START COLLECTED MATERIAL
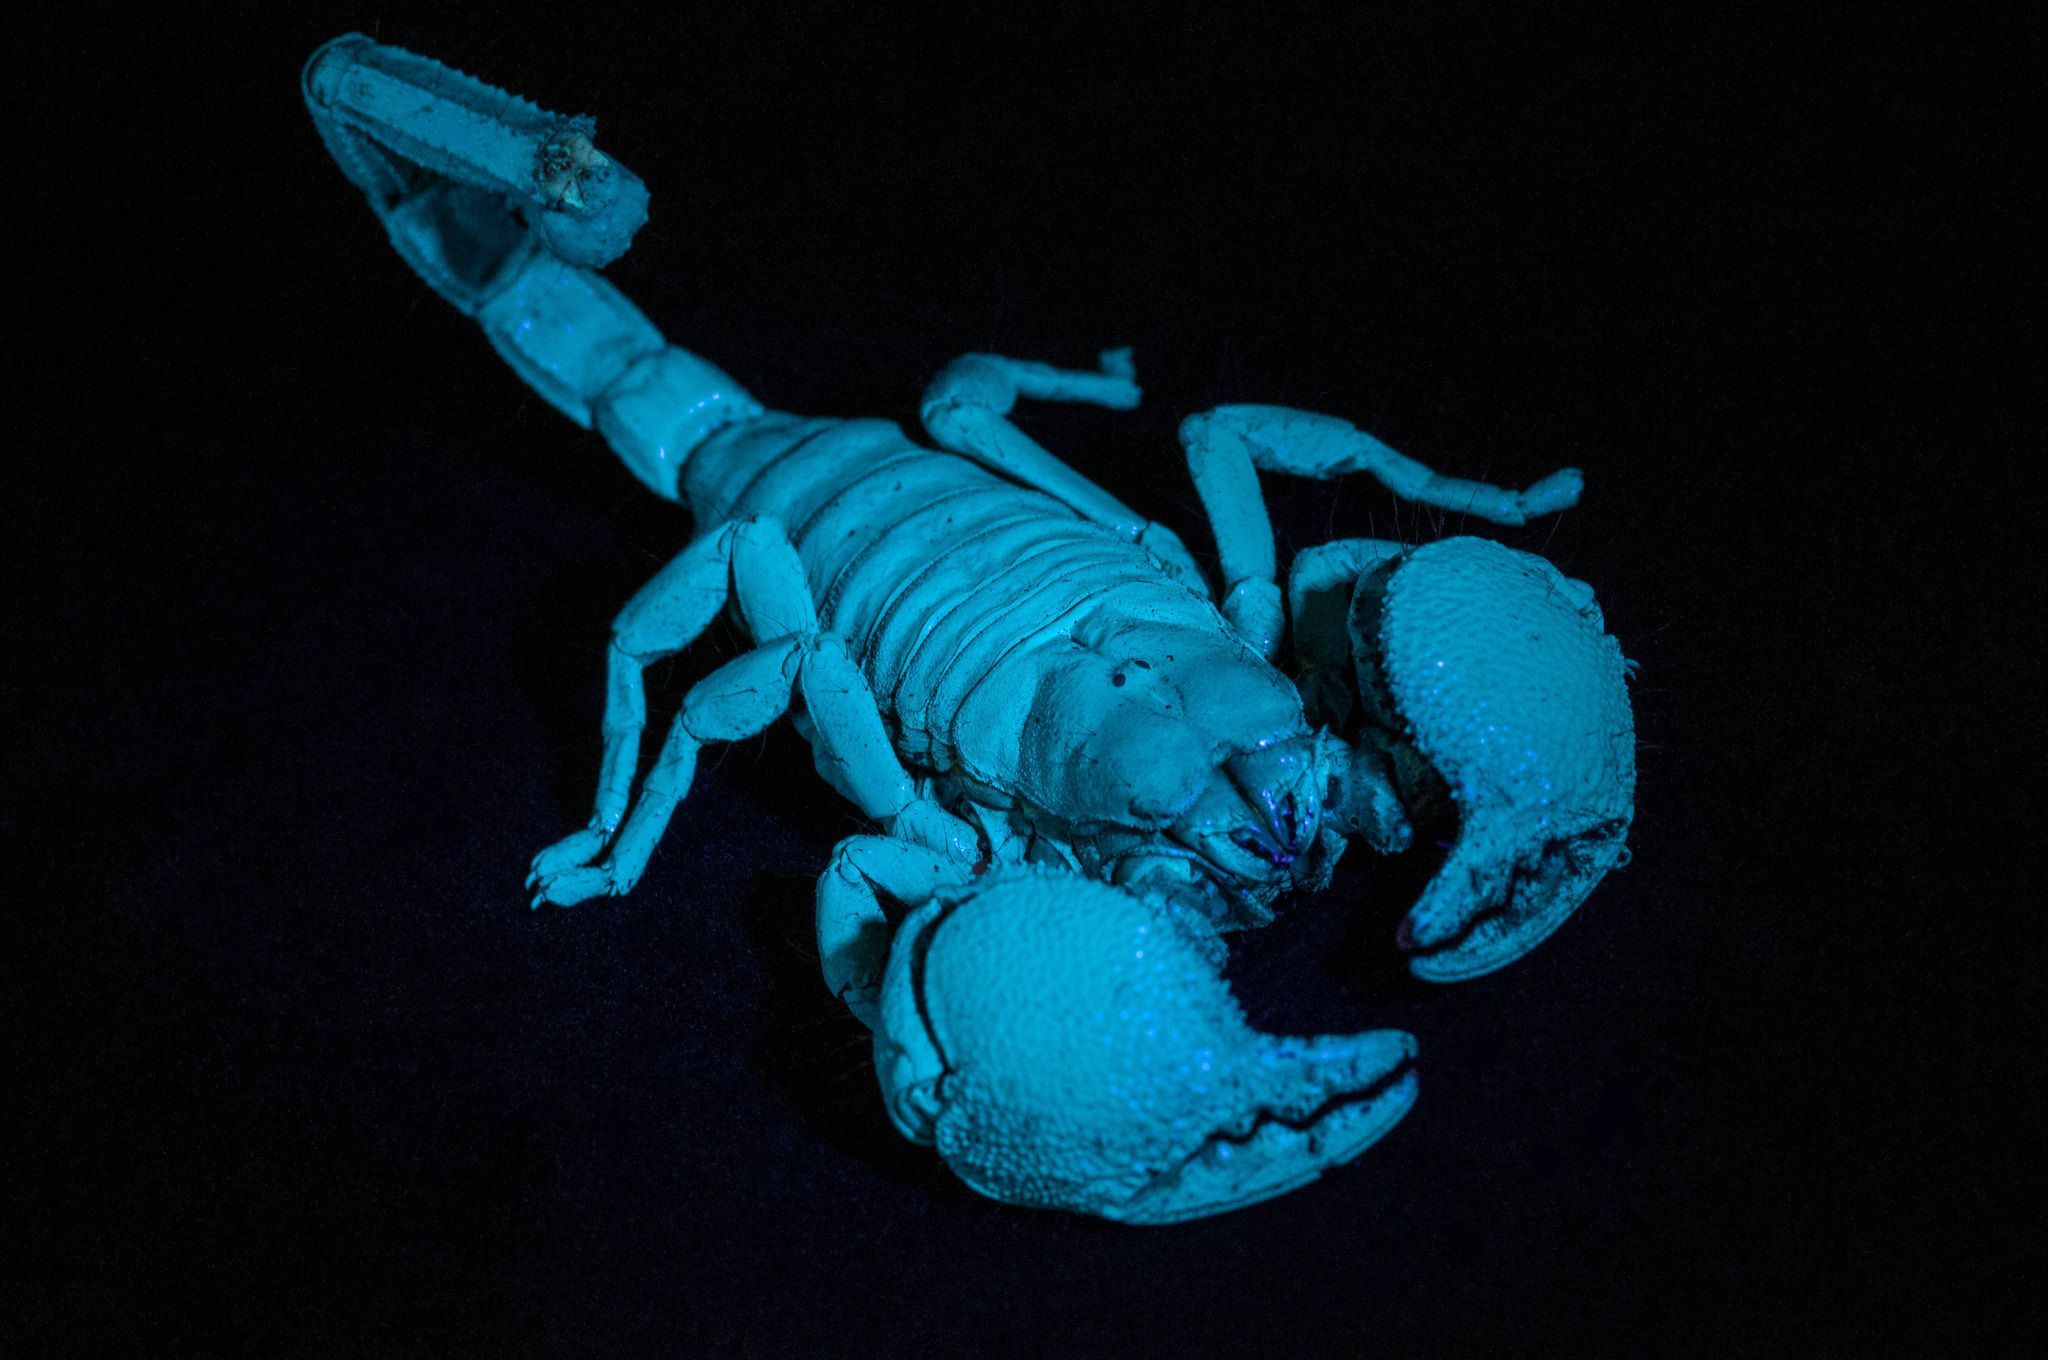 A photo of a scorpion under UV light
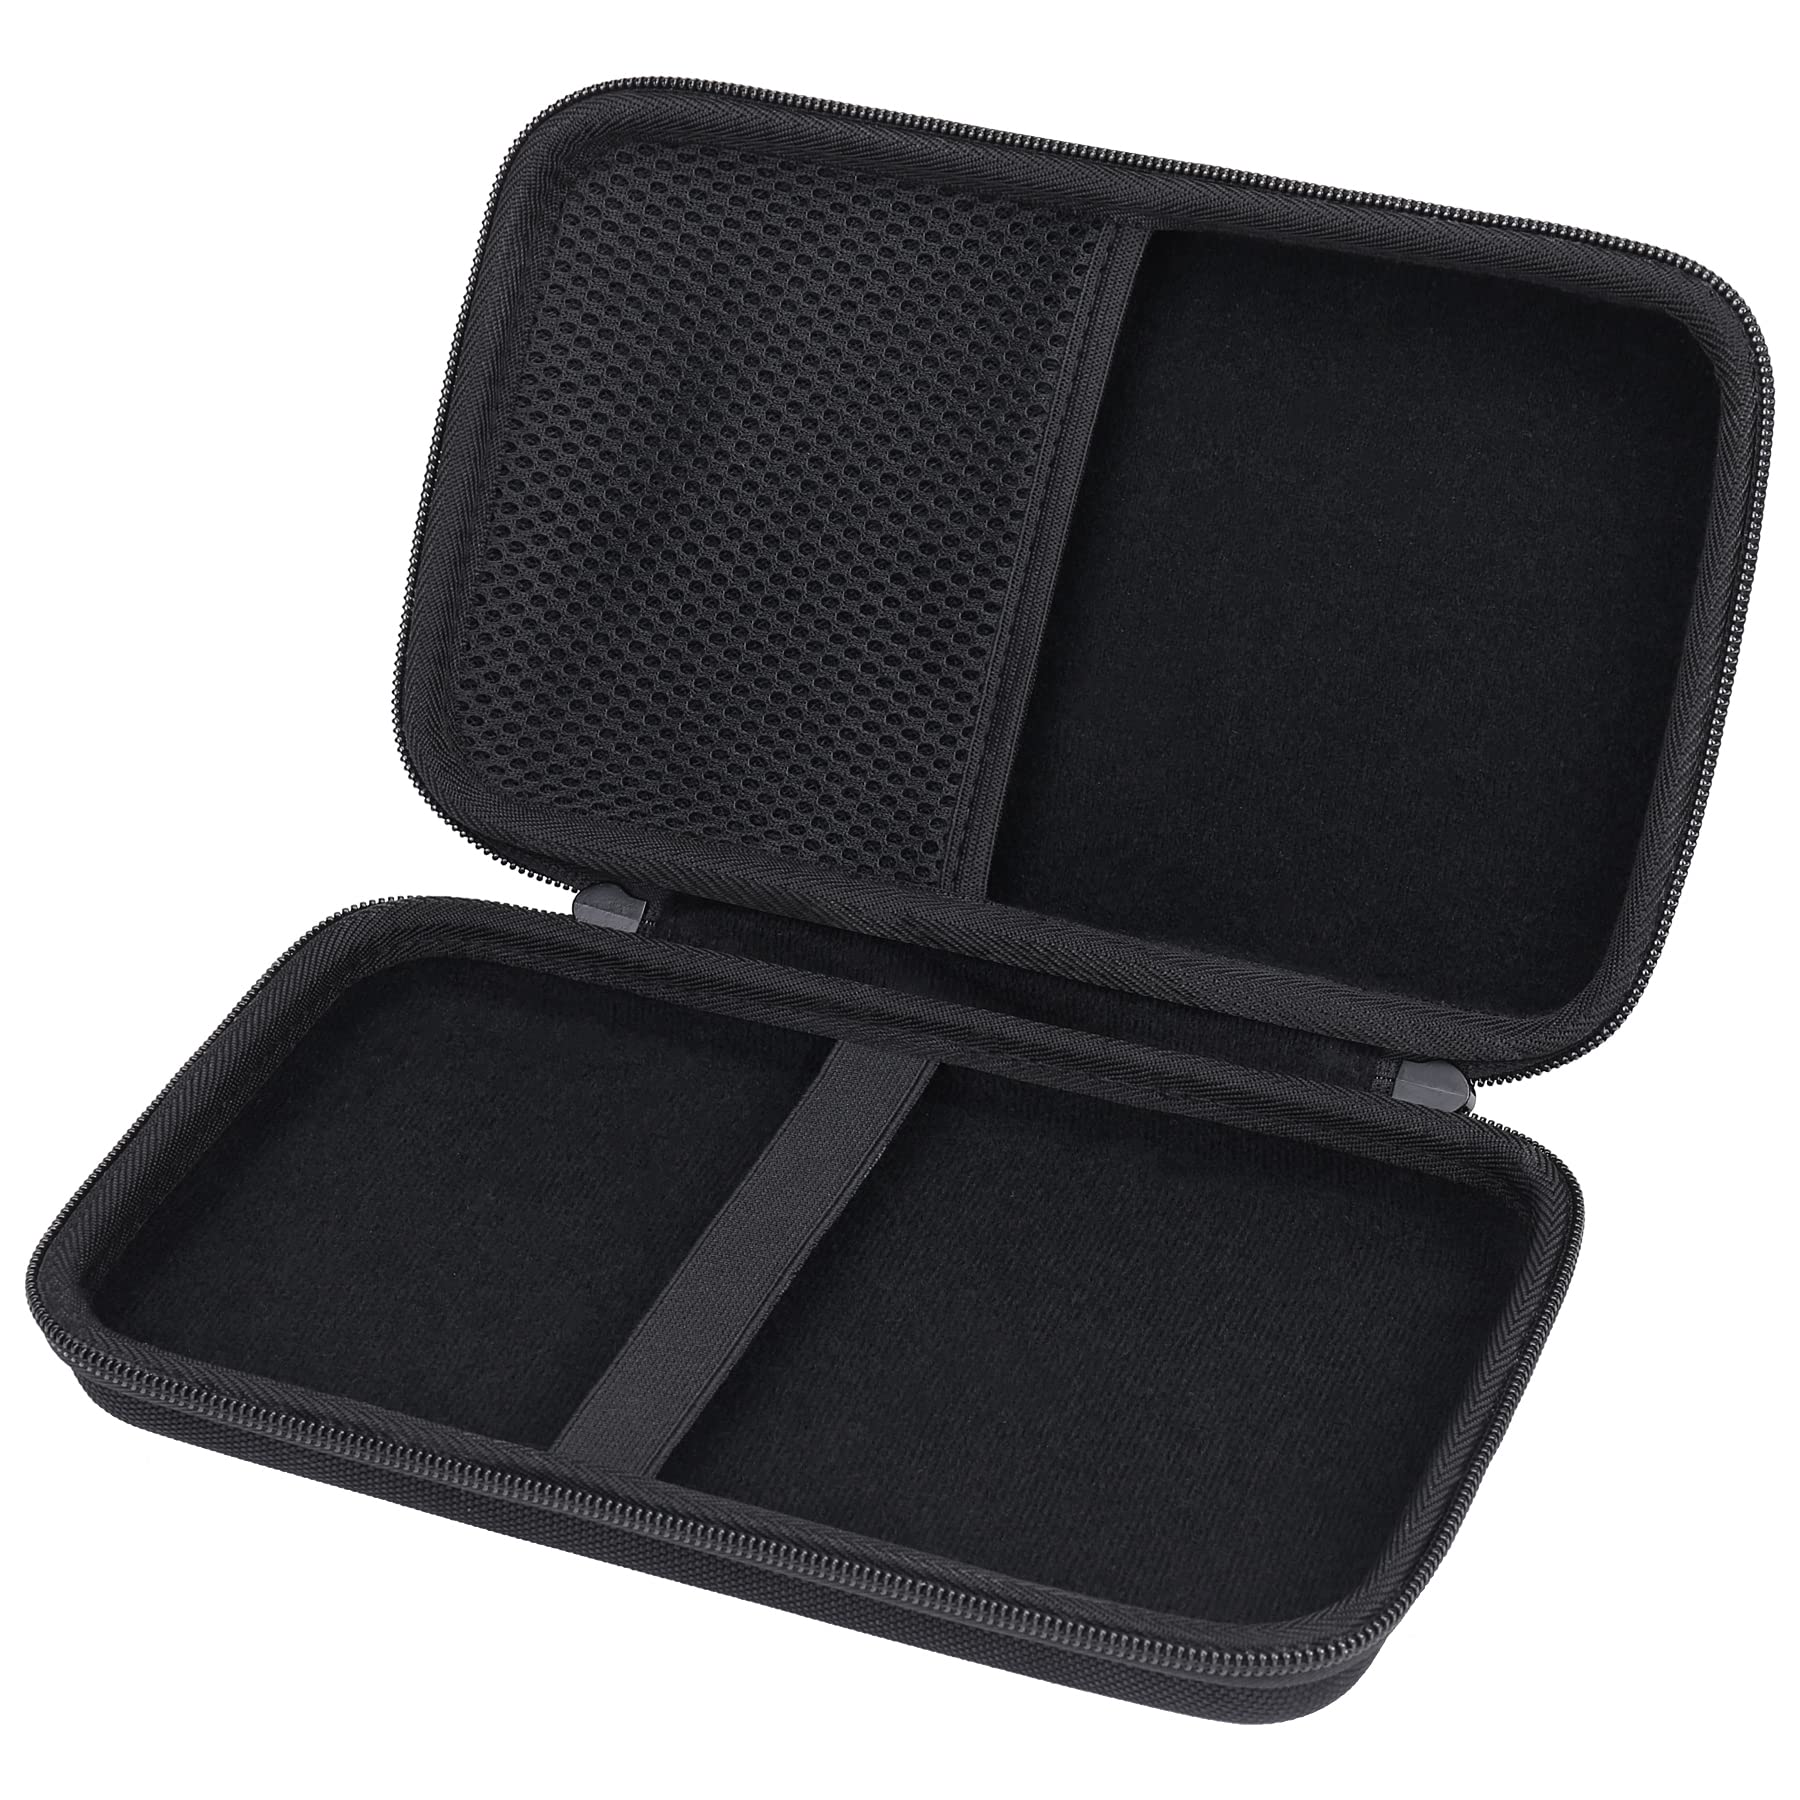 Aenllosi Hard Carrying Case Compatible with Garmin dezl OTR800/dezl OTR810/DriveSmart 86/RV 890 8-inch Car GPS Navigator
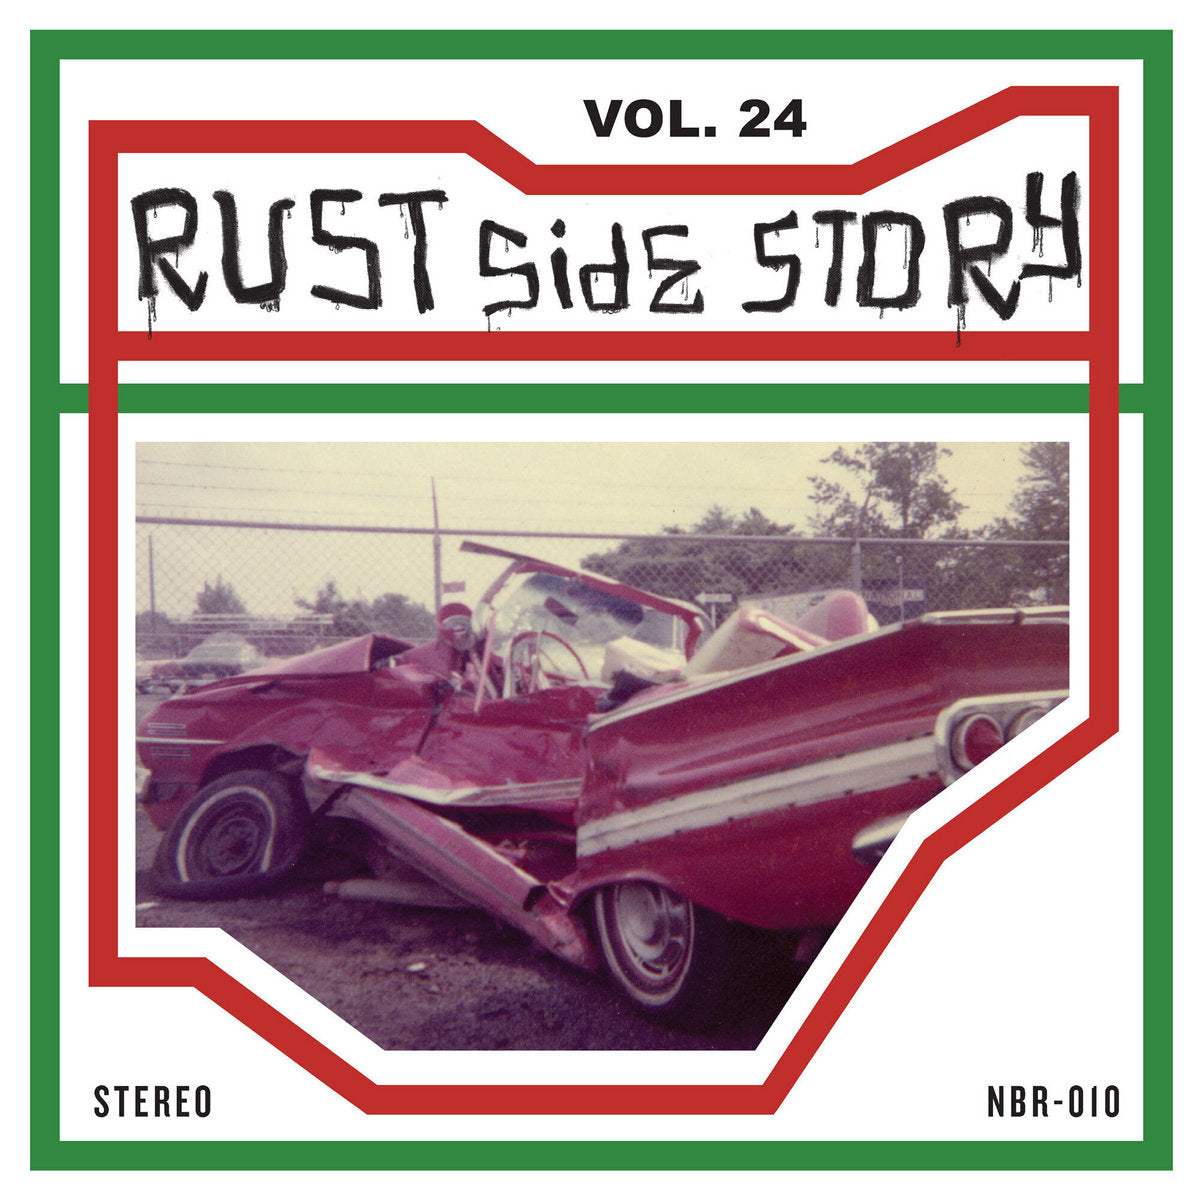 Rust Side Story Vol. 24 (New LP)
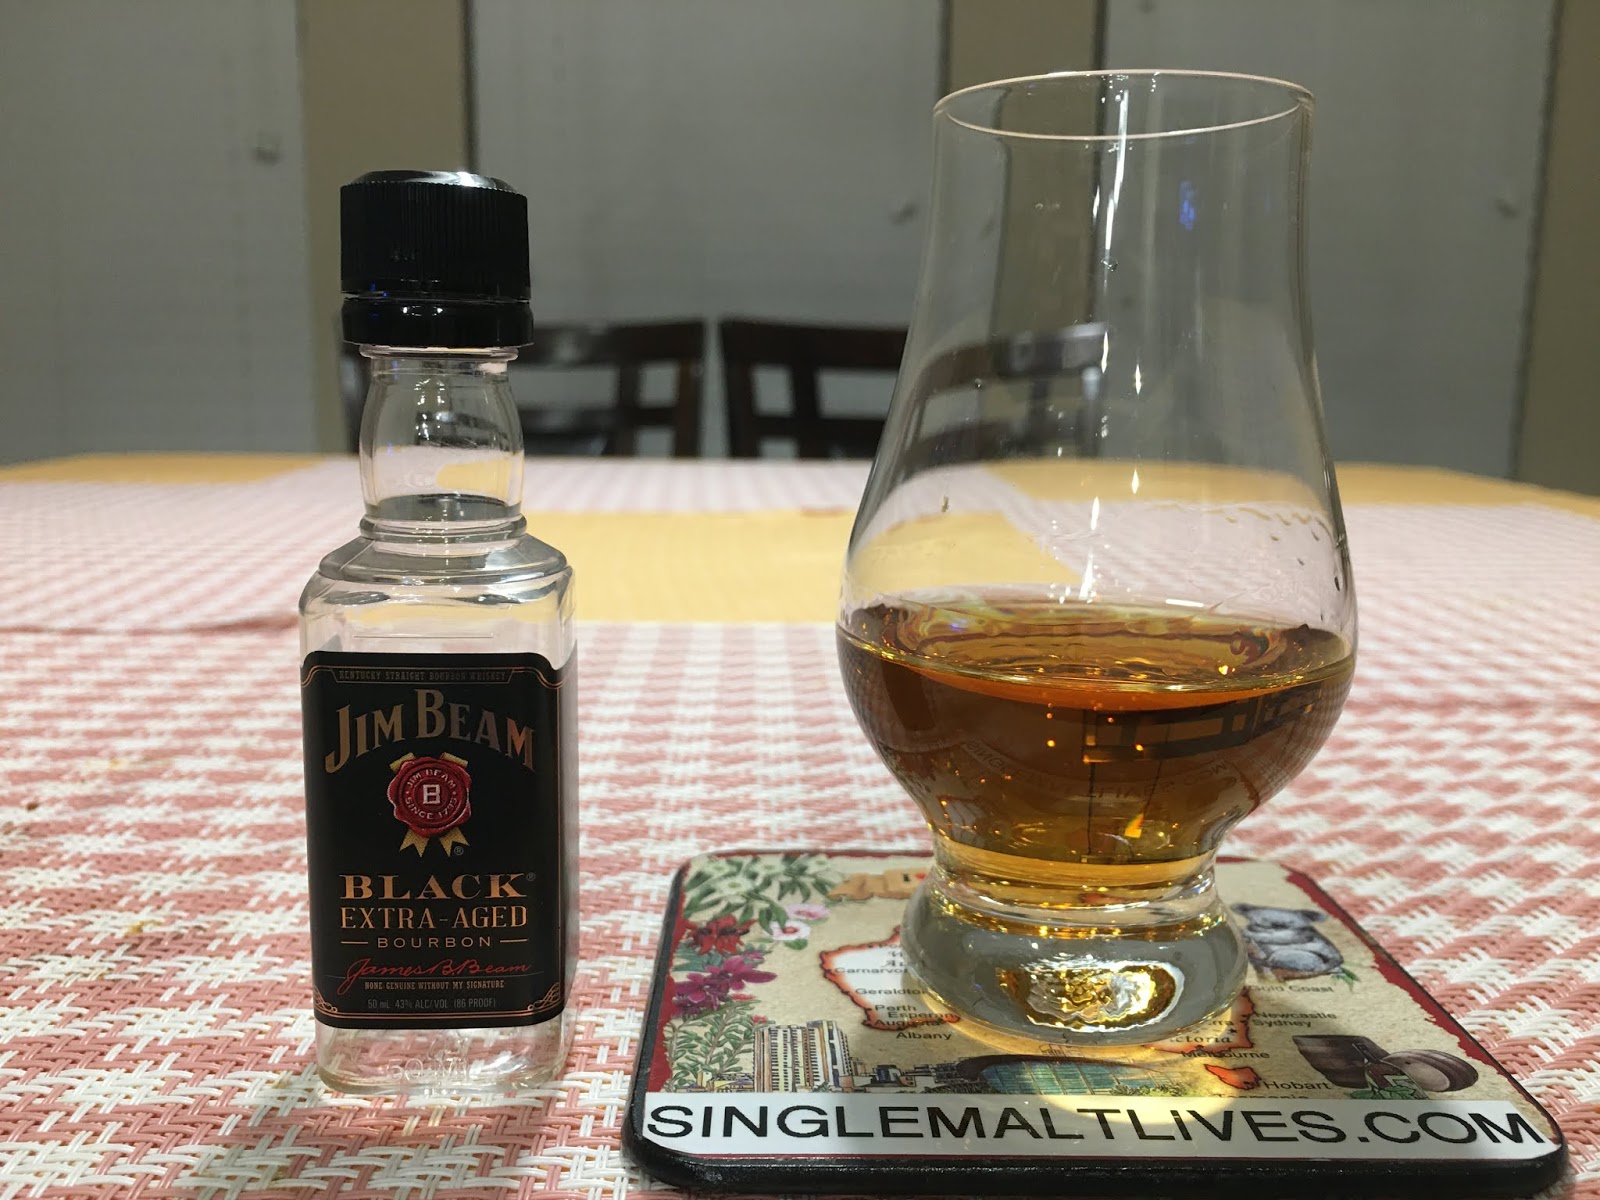 SingleMaltLives.com: Jim Beam Black- Extra Aged Bourbon
END COLLECTED MATERIAL
WORK TO COMPLETE: Beginning with the line that holds "Aenllosi Hard Carrying", extract every line to the end of the material, exactly as it stands, and drop the pictures.

WRITTEN ANSWER:
 Aenllosi Hard Carrying Case Compatible with Garmin dezl OTR800/dezl OTR810/DriveSmart 86/RV 890 8-inch Car GPS Navigator
 Rust Side Story Vol. 24 (New LP)
 SingleMaltLives.com: Jim Beam Black- Extra Aged Bourbon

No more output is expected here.